Поначалу жесткая зелень радовала глаз Елены, потом она начала слабую борьбу с жестяными консервными банками и старыми кастрюлями, в которые Тома высаживала своих питомцев. Елена покупала горшки, кашпо, но помоечных банок все прибывало. Подоконники были плотно заставлены, и глянцевитая армия перебиралась на обеденный и письменные столы, опускалась на пол. Детская, Танина когда-то комната, выглядела давно уже подсобным помещением цветочного магазина.

Таню это растительное изобилие мало беспокоило, она дома почти не появлялась. Убегала рано на работу, к своим крысам и кроликам, операциям и препаратам, с работы неслась в университет и приходила в половине двенадцатого, валясь с ног. Дни, свободные от учебы, она тоже где-то пропадала, то в гостях, то в развлечениях. Тома постепенно перестала участвовать в Таниной вечерней жизни. Какие-то новые друзья завелись у Тани, мальчики Гольдберги уступили место другим, более интересным молодым людям, которые в доме не появлялись.
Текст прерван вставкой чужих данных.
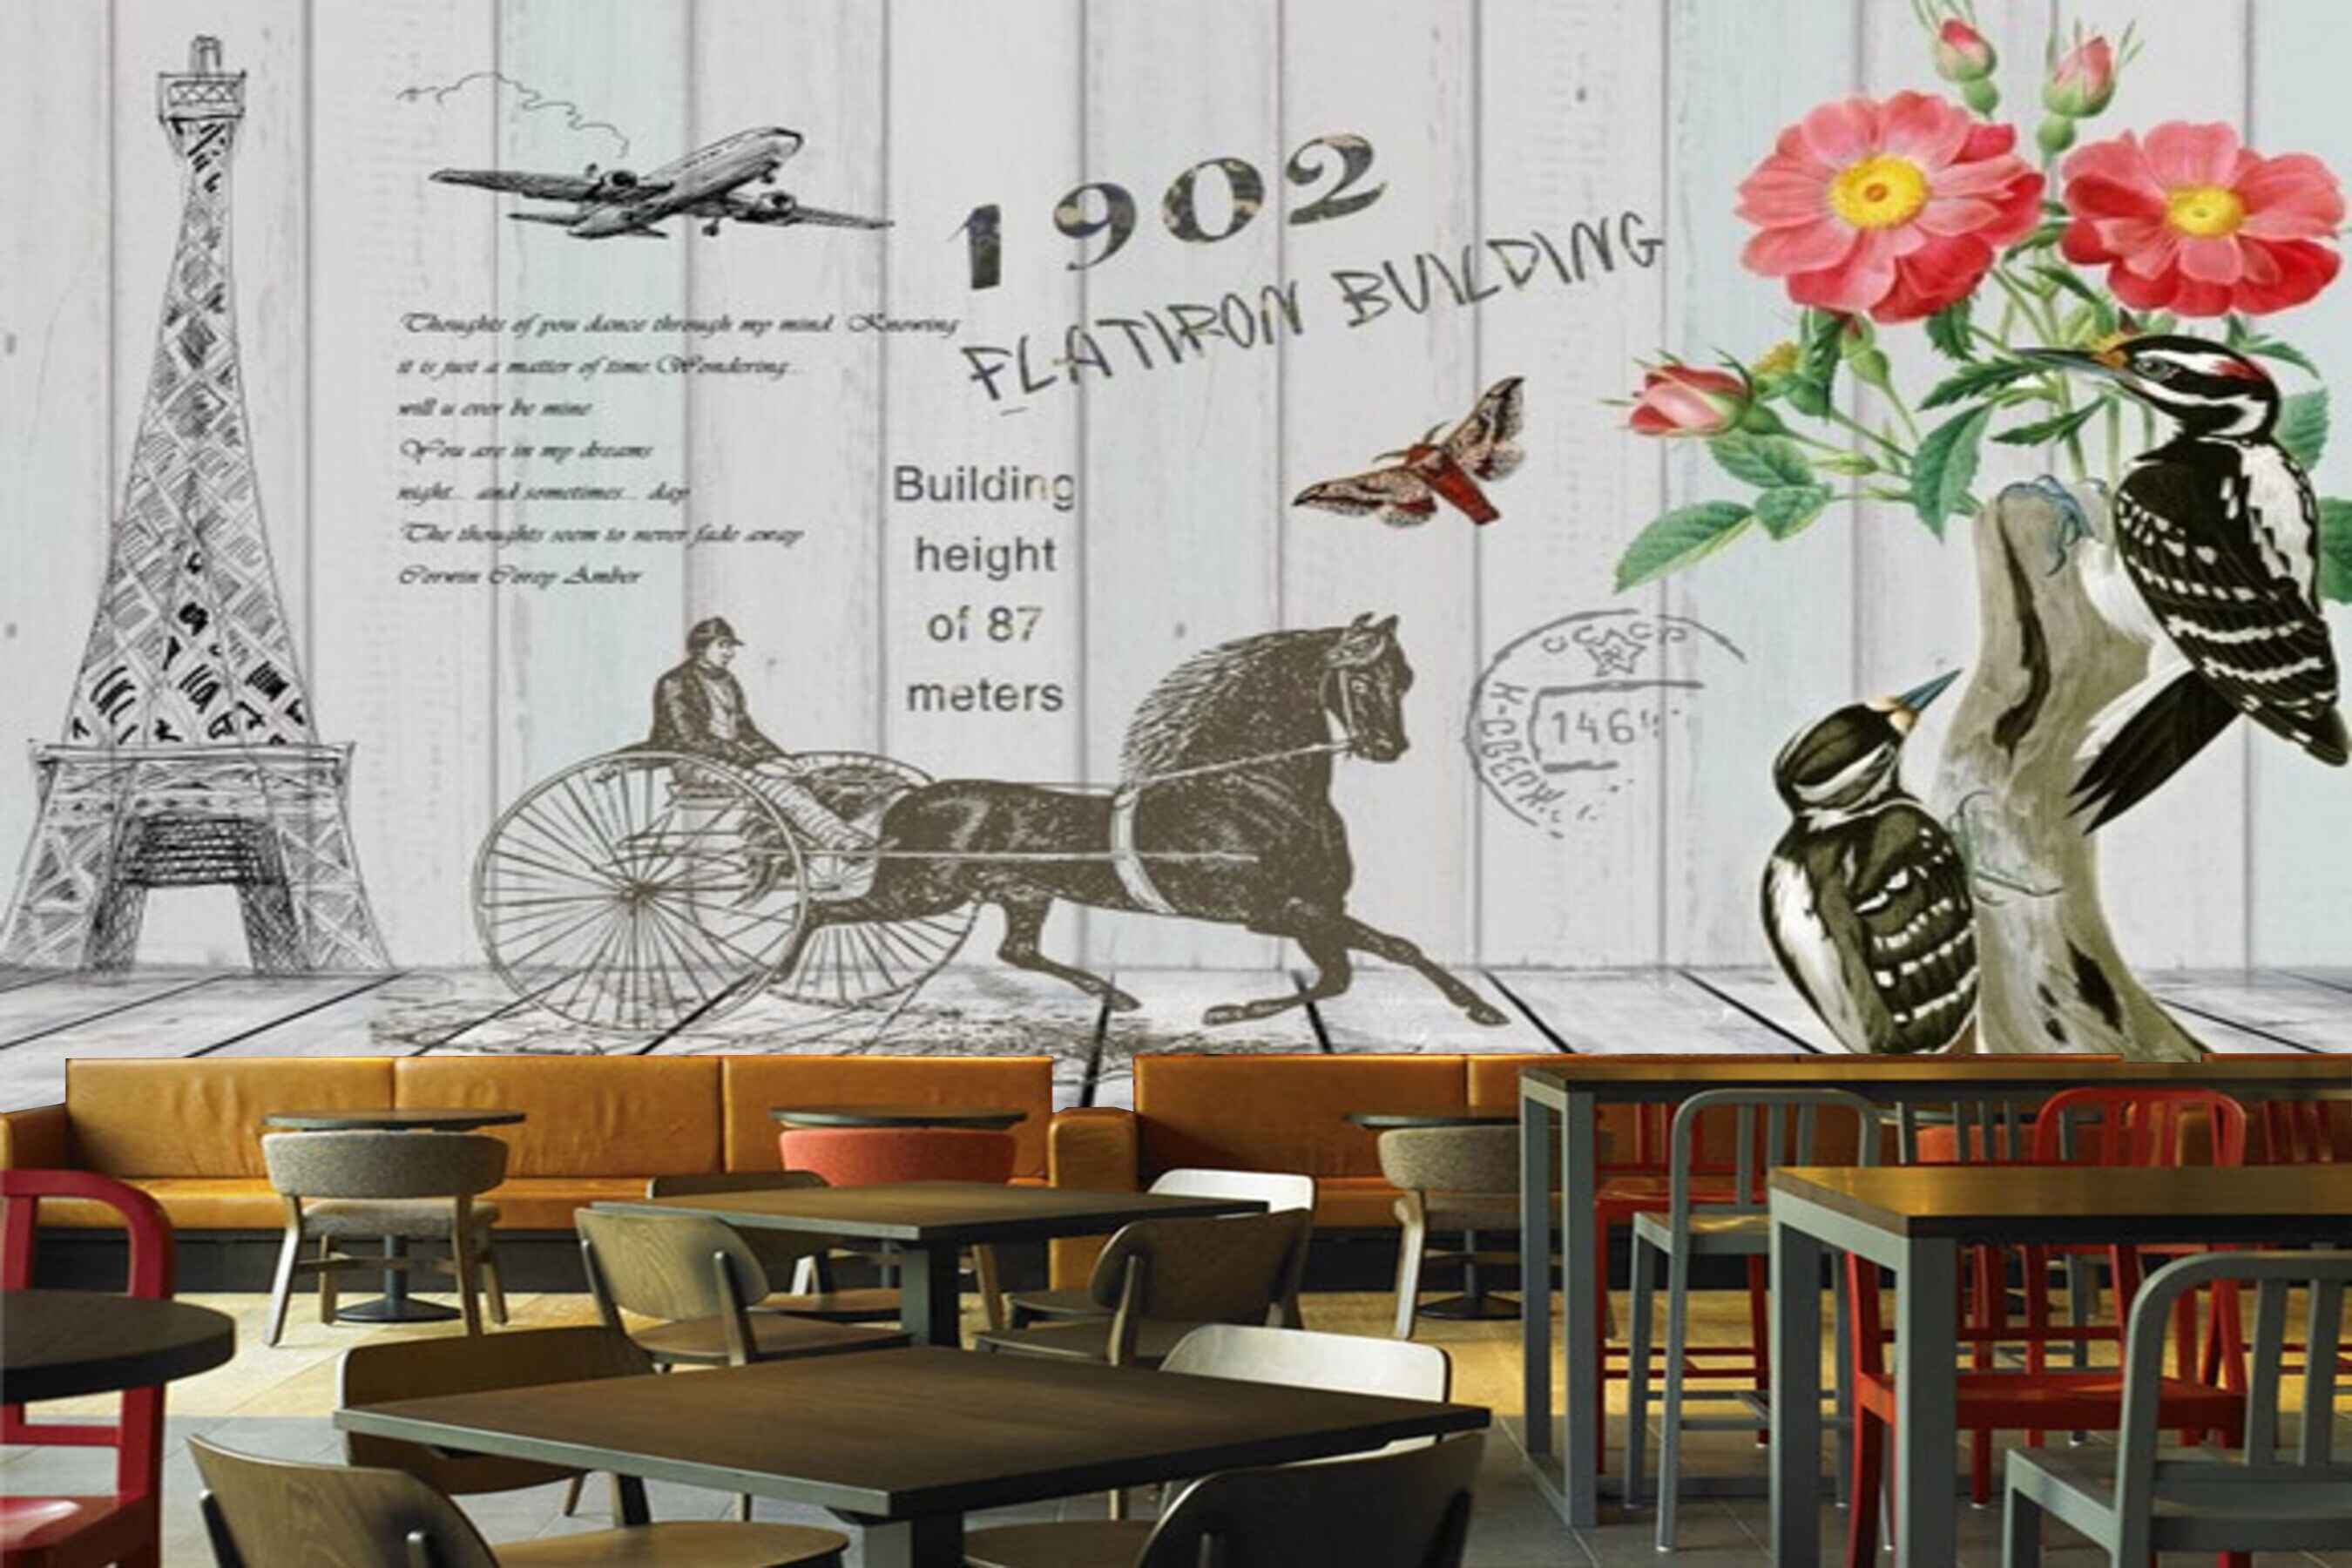 Avikalp MWZ3076 Eiffel Tower Horse Cart Flowers Birds Aeroplane HD Wallpaper for Cafe Restaurant

Елена приходила обыкновенно с работы в начале седьмого и вместо Тани находила Тому с детской лейкой в руках, все шушукающуюся со своими горшками. У Томы рабочий день кончался рано, в половине пятого она уже была дома. Василиса, ворча, кормила всех по отдельности.

Павел Алексеевич вкалывал как рабочий горячего цеха, в две смены. Кроме института и клиники, он взялся преподавать на курсах повышения квалификации врачей, что всех и удивляло, и раздражало: это было вовсе не дело академика три раза в неделю допоздна читать лекции провинциальным акушерам, старым повивальным бабкам, которые если и получили когда-то медицинское образование, то уже и сами не помнили, в чем оно заключалось. Своими обязанностями академика он как раз пренебрегал. Как школьник, прогуливал заседания Президиума, отстранился от начальства. К его репутации пьяницы добавилась еще и молва о чудаковатости.
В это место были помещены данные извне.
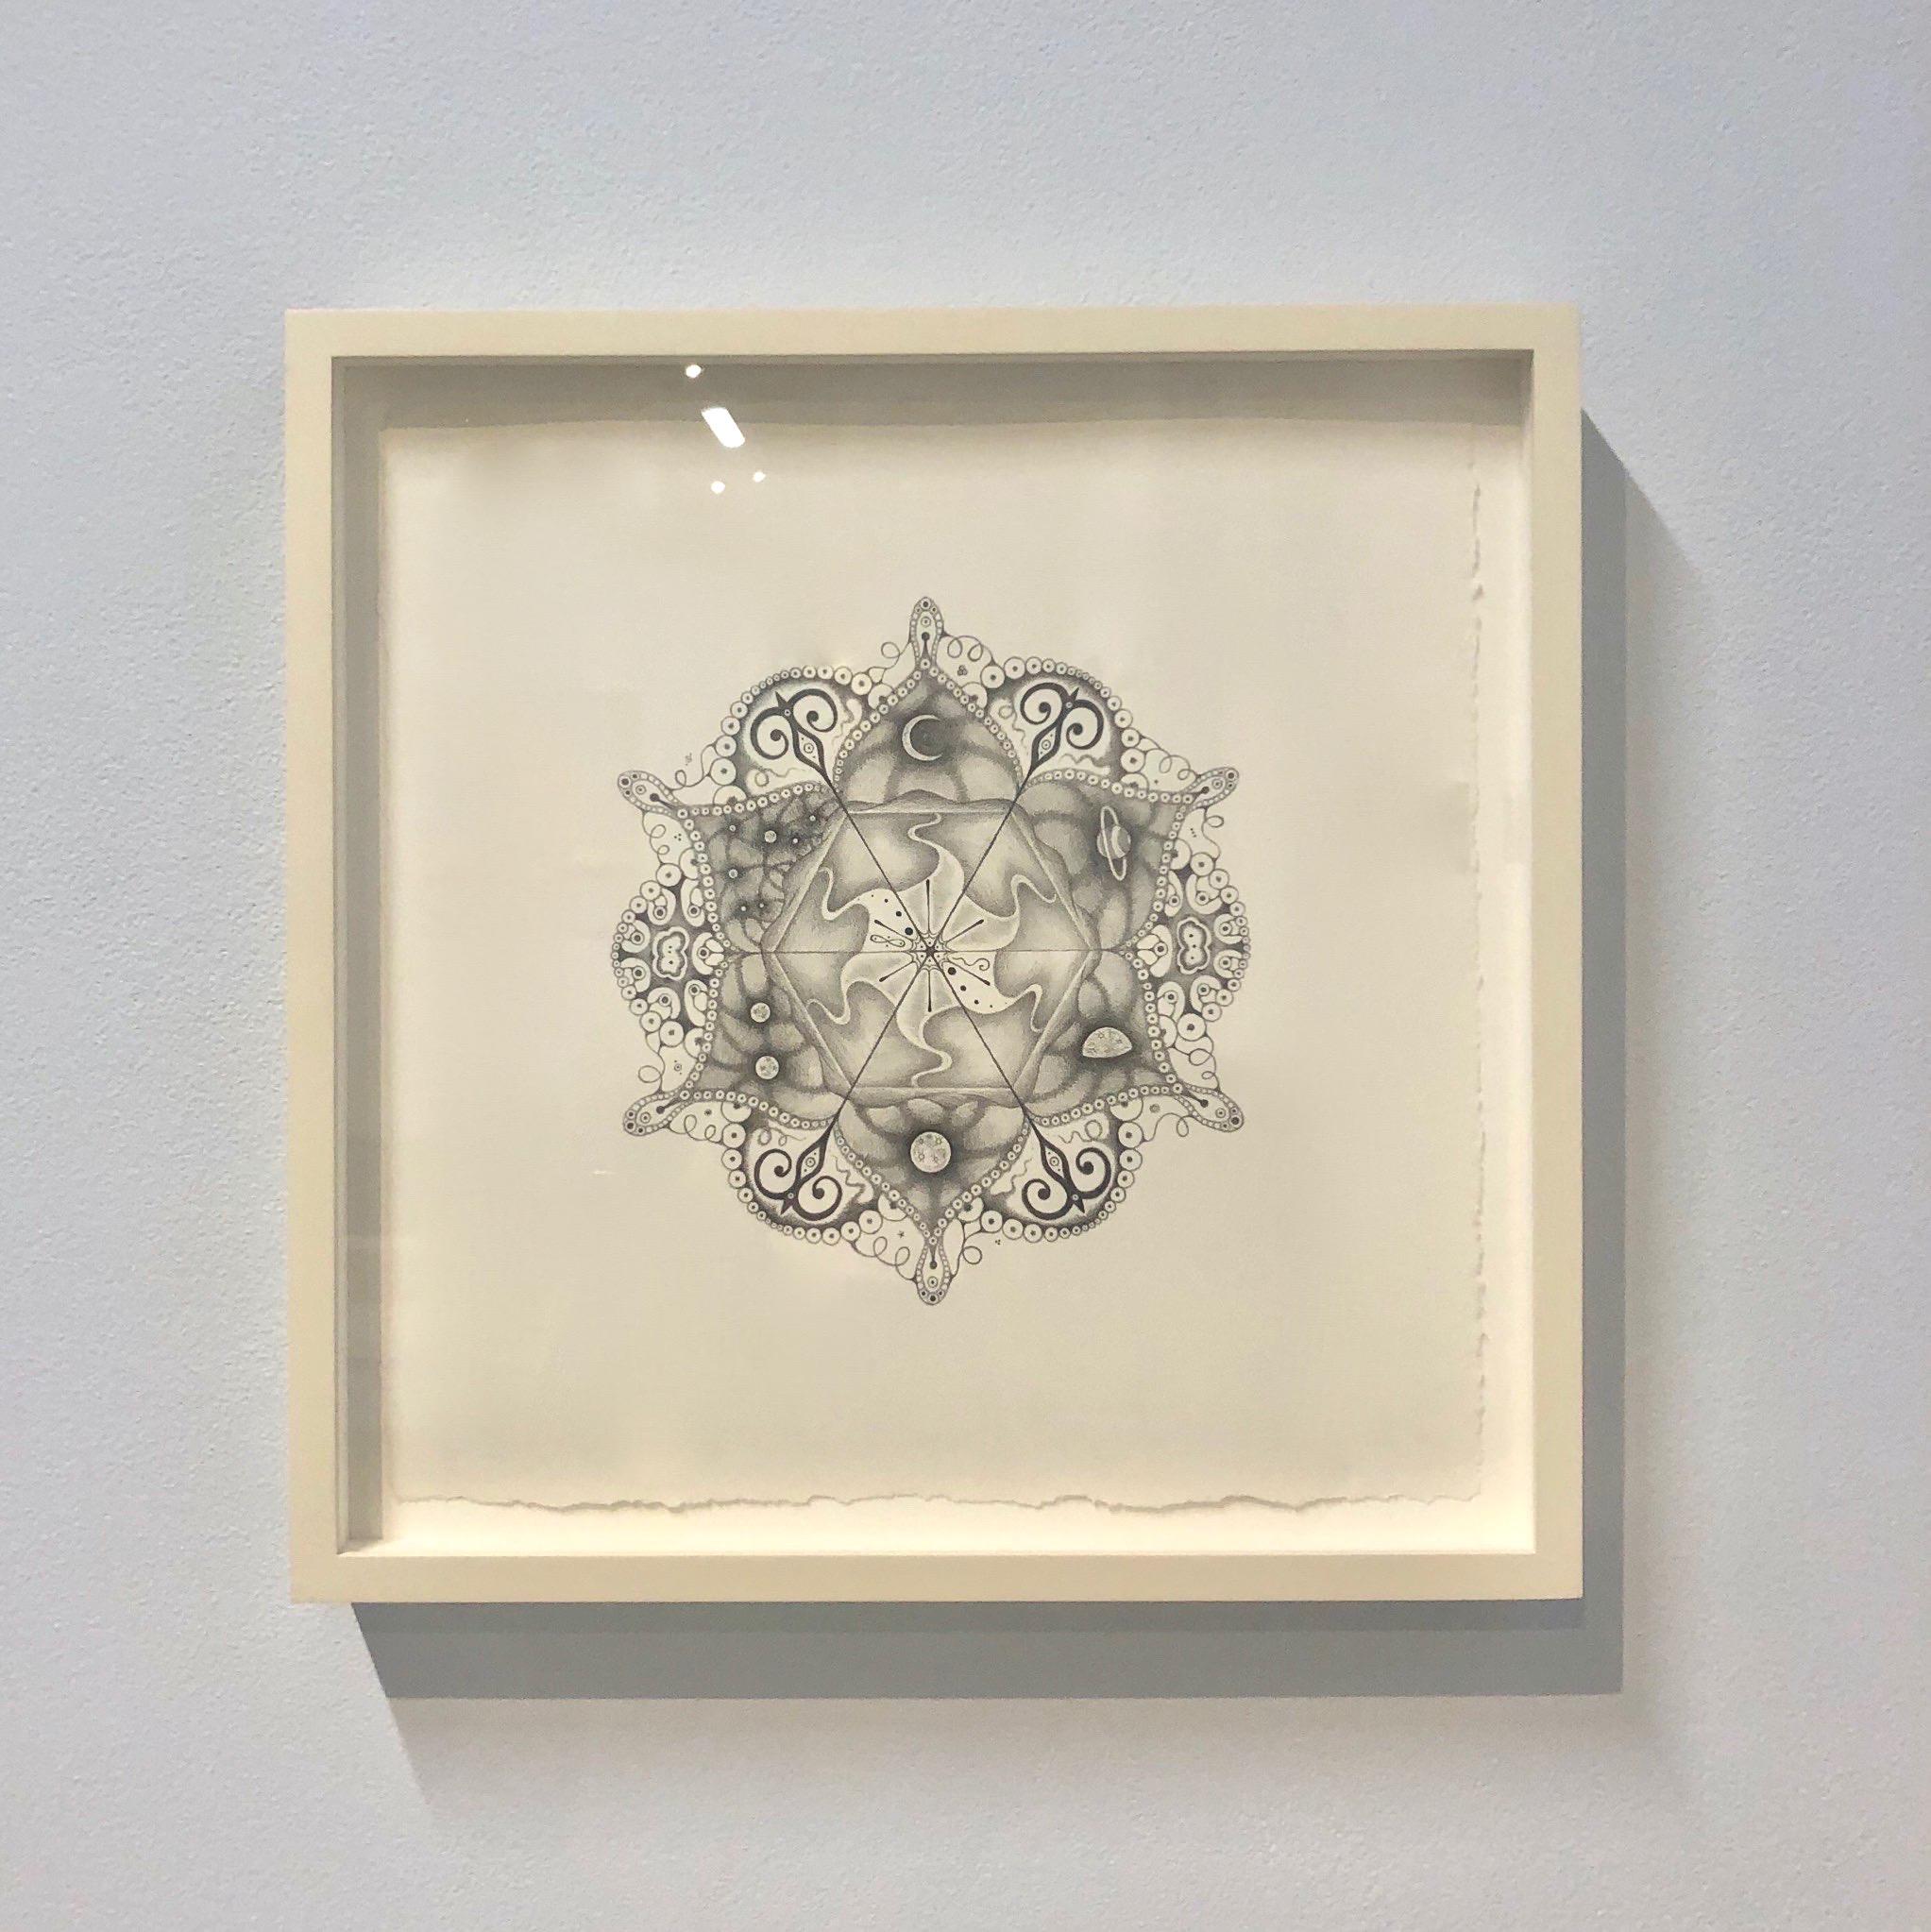 Snowflakes 108 Matrix, Planet and Crescent Moon Mandala Pencil Drawing - Art by Michiyo Ihara

Давно уже сменилось руководство в министерстве, на место Коняги заступил сперва старый кагэбэшник с ветеринарным образованием, потом знаменитый хирург, беспощадный карьерист и вор. Павел Алексеевич распростился безо всякого сожаления со своим великим проектом переделки здравоохранения, и переделка эта происходила без его участия, хотя давным-давно забытые им самим бумаги лежали в сейфе нового министра и он изредка пробегал их глазом – было небесполезно...

Медицинское влияние Павла Алексеевича, несмотря на холодные отношения с начальством, было необыкновенно широким. Все эти провинциальные тетки, приезжавшие с окраин огромной страны, обучались от него и старым приемам родовспоможения, и новым подходам к сохранению беременности, лечению воспалительных процессов и послеродовых осложнений... Он написал несколько учебников для среднего медицинского персонала – считал эту категорию незаслуженно пренебрегаемой, – монографию по вопросам бесплодия.

Но главным делом всегда оставалась больная – брюхатая пациентка, приносившая ему свое чрево с червоточинкой, с неполадком, с тревогой. Приемы разного уровня – еженедельные консультации, просьбы знакомых, частные консультации. Хотя давно уже существовала Кремлевская больница, именно к нему часто обращались жены и дочери первейших лиц государства – кому рожать, кому оперироваться...

Одно из отделений клиники с эвфемистическим названием "Диагностическое" занималось выскабливаниями, среди которых случались и диагностические... Это было чуть ли не единственное место в городе, где операцию обезболивали, в прочих грех наказывали жестоко – дерзкое решение избавиться от нежеланного ребенка уже включало в себя почти автоматически испытание болью... Четыре хирурга этого отделения и четыре квалифицированные сестры не покладая шестнадцати рук скребли и скребли. Анестезия самая примитивная, местный наркоз, новокаин, двадцать пять минут работы, пузырь льда на замороженный живот, и следующая...

Павел Алексеевич редко заходил в это отделение. Искусственное прерывание беременности он считал самой тяжелой из гинекологических операций в моральном отношении, и для женщины, и для врача... Но разве не здесь пролегает существенная граница между человеком и животным, возможность и право выхода за пределы биологического закона – производить потомство не по воле природных ритмов, а по своему собственному желанию? Не здесь ли реализуется человеческий выбор, право на свободу, в конце концов?